──────── Provided data

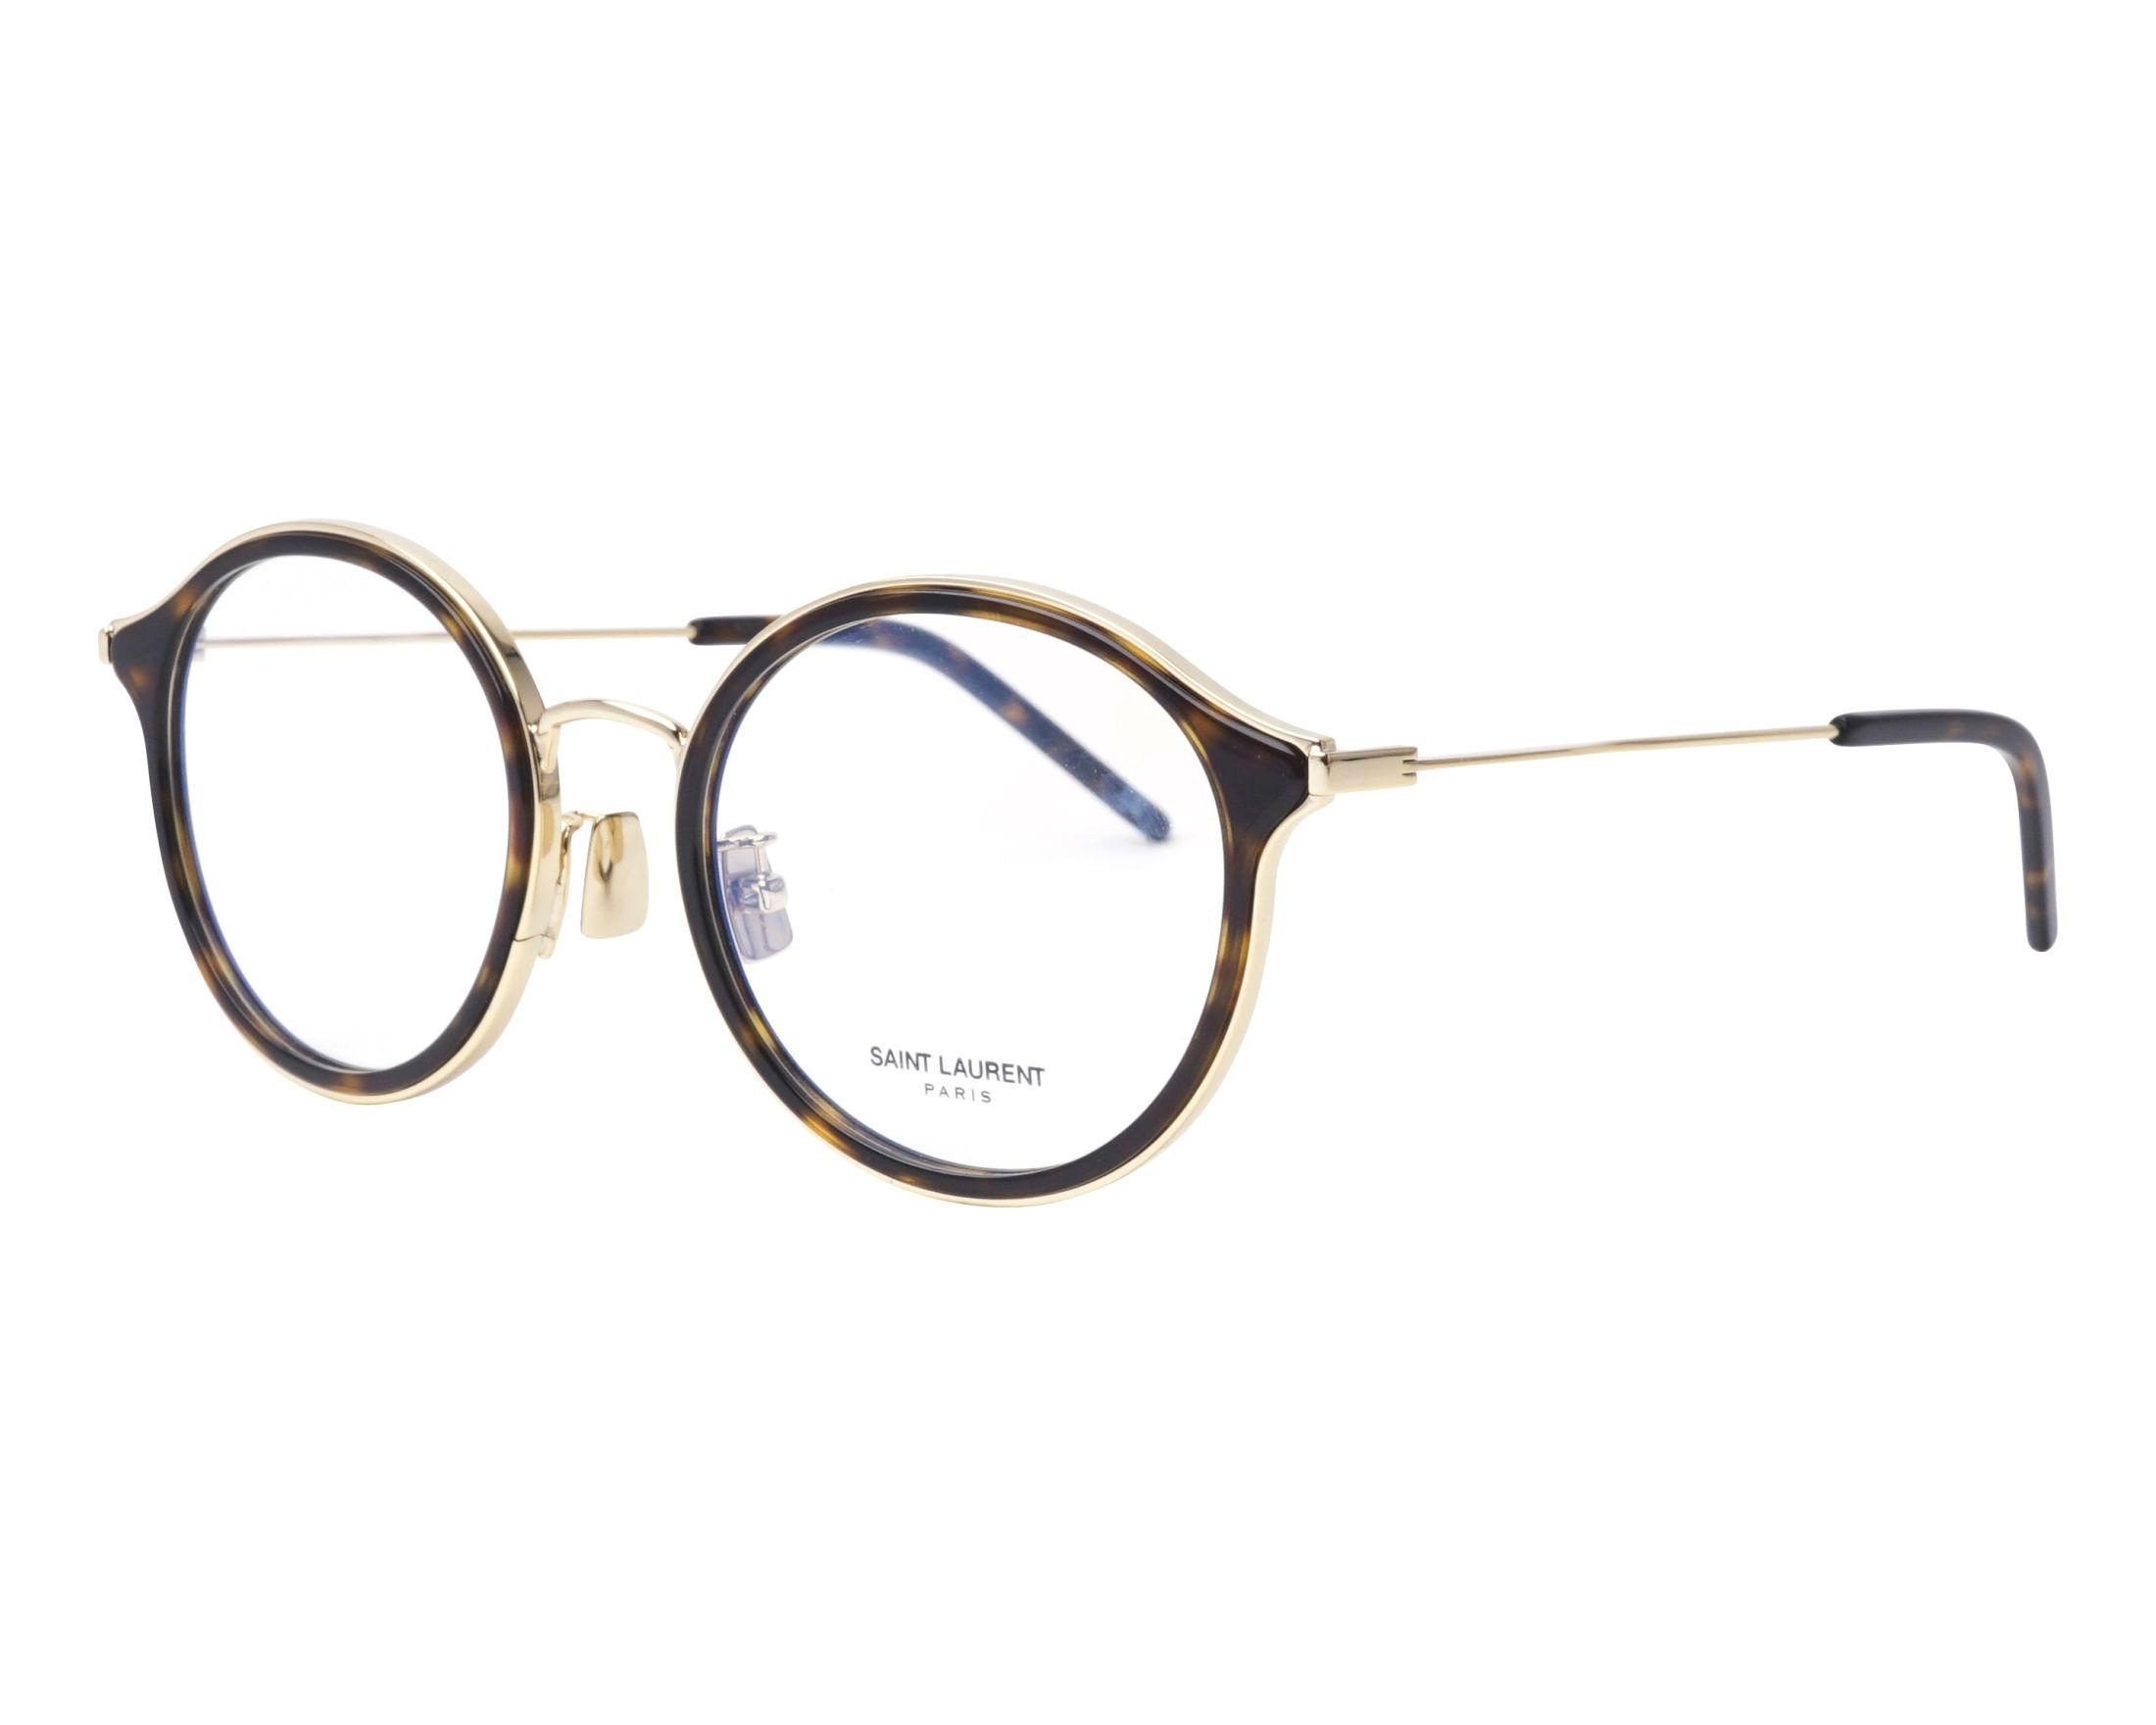 8f436f69d95 eyeglasses Yves Saint Laurent SL-234-F 003 52-21 Havana Gold profile
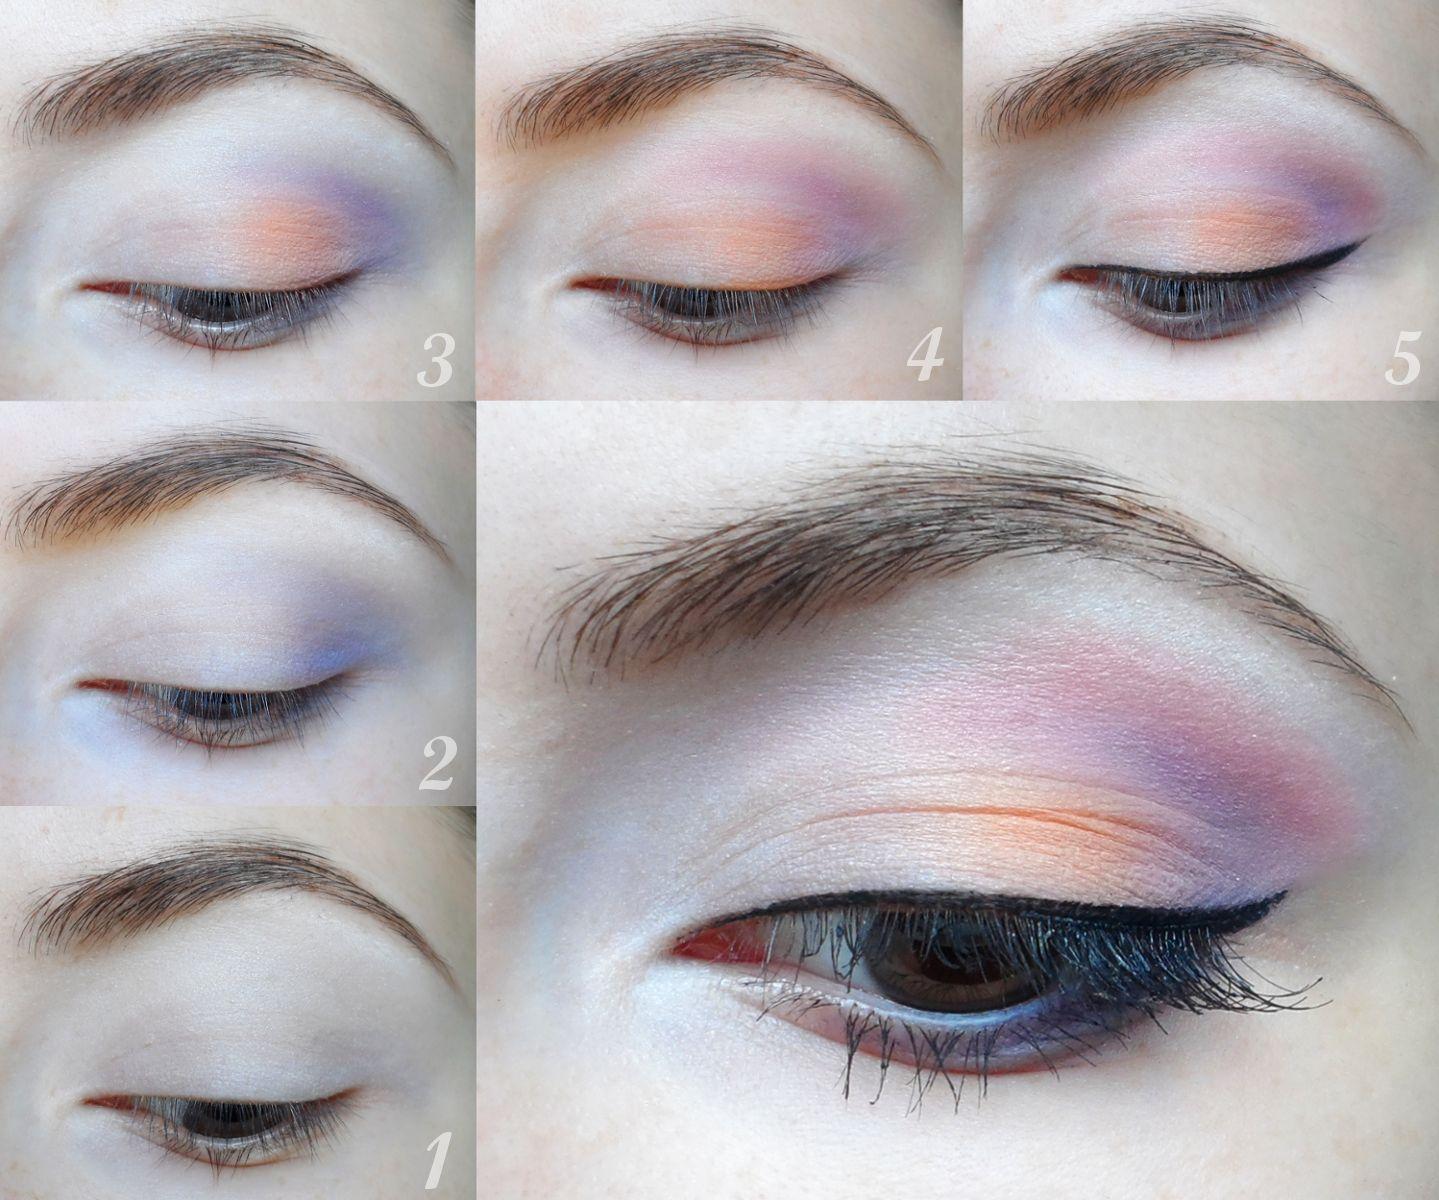 Springeyeshadowstepbysteptutorialpastelpink Summer Makeup Tutorialseye  Makeup
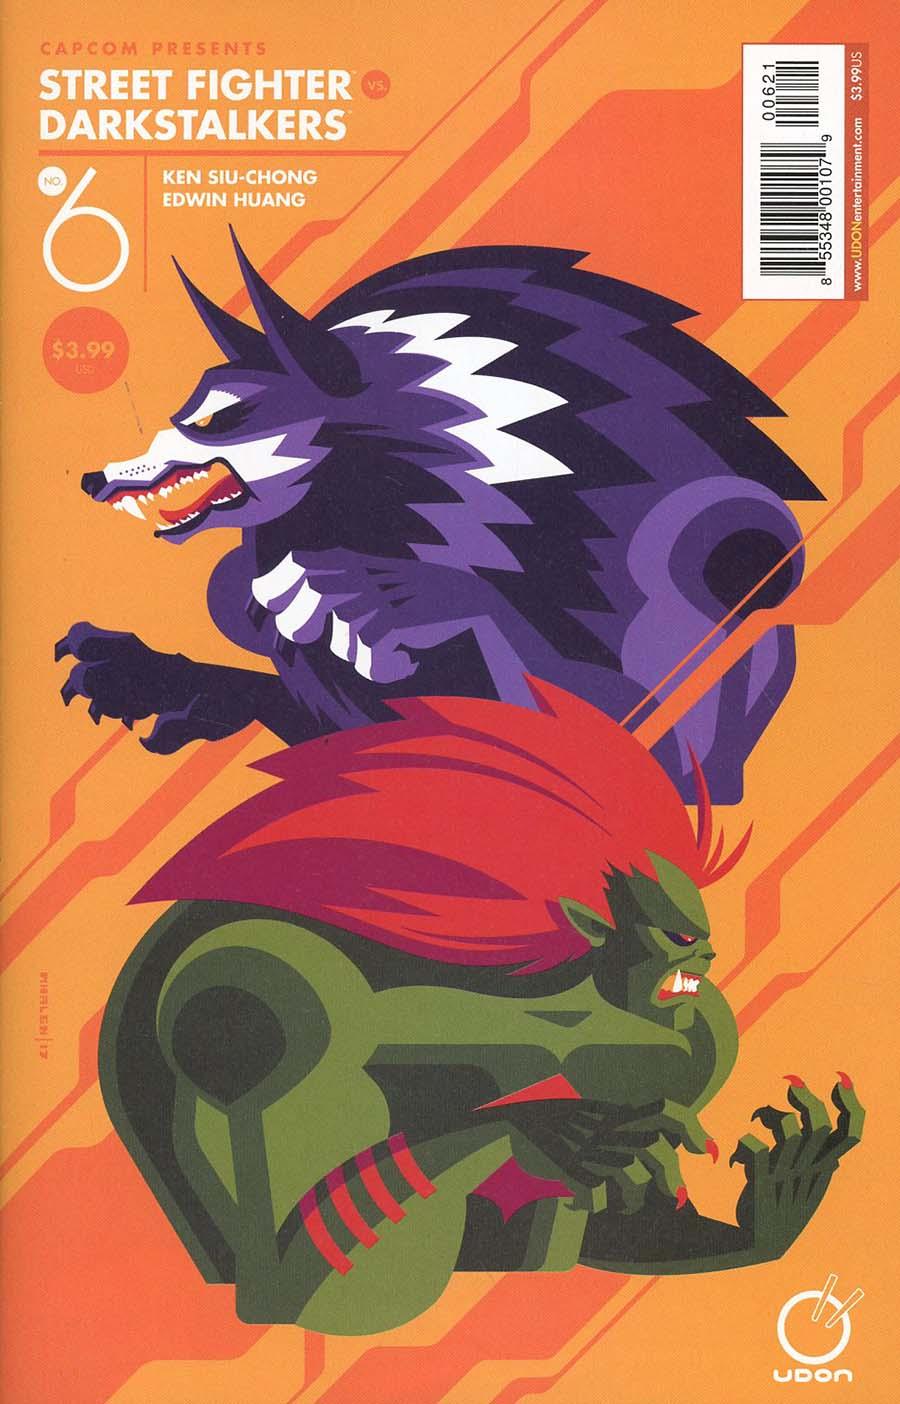 Street Fighter vs Darkstalkers #6 Cover B Variant Tom Whalen Guest Artist Cover

────────────────

#### Activity
Could you set down the material above word for word while dropping its pictures?

#### Result below
 8f436f69d95 eyeglasses Yves Saint Laurent SL-234-F 003 52-21 Havana Gold profile
 Springeyeshadowstepbysteptutorialpastelpink Summer Makeup Tutorialseye  Makeup
 Street Fighter vs Darkstalkers #6 Cover B Variant Tom Whalen Guest Artist Cover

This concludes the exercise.